▶ Task description:
Could you reproduce the lines below from the one with "Una tripletta di" through the one with "La Sirena en"? Keep both ends and add nothing.

▶ Record extracts:
......

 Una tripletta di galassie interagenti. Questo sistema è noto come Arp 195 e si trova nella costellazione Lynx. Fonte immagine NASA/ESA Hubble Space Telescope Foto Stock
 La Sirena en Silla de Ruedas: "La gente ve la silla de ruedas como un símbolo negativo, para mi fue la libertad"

......

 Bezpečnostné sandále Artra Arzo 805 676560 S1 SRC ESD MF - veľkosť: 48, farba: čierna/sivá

......

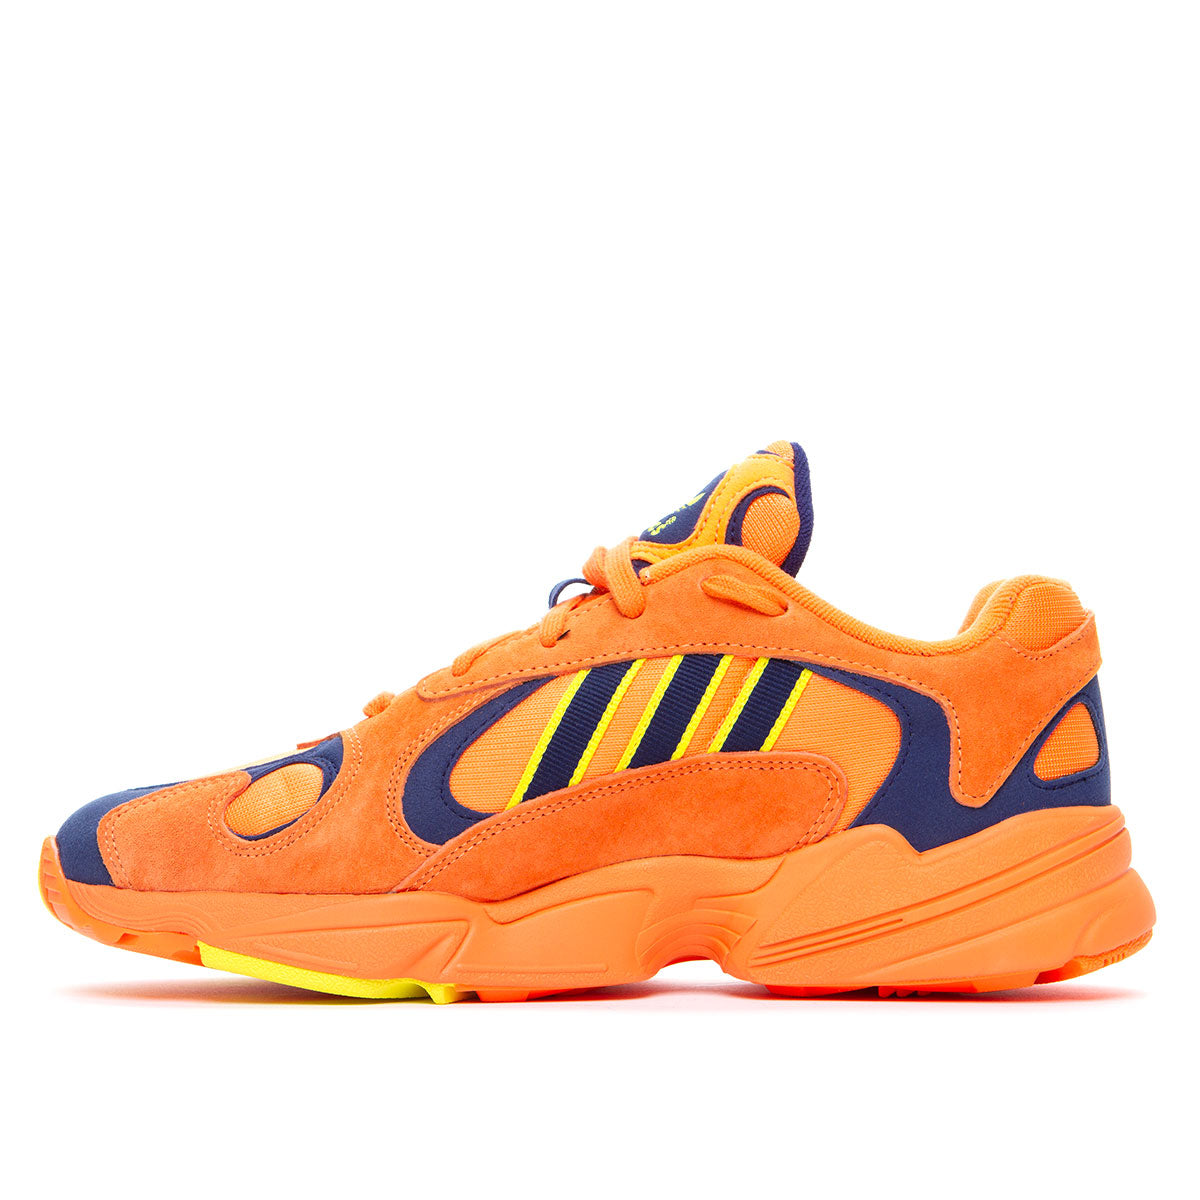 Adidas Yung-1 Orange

......

▶ Response to the task:
 Una tripletta di galassie interagenti. Questo sistema è noto come Arp 195 e si trova nella costellazione Lynx. Fonte immagine NASA/ESA Hubble Space Telescope Foto Stock
 La Sirena en Silla de Ruedas: "La gente ve la silla de ruedas como un símbolo negativo, para mi fue la libertad"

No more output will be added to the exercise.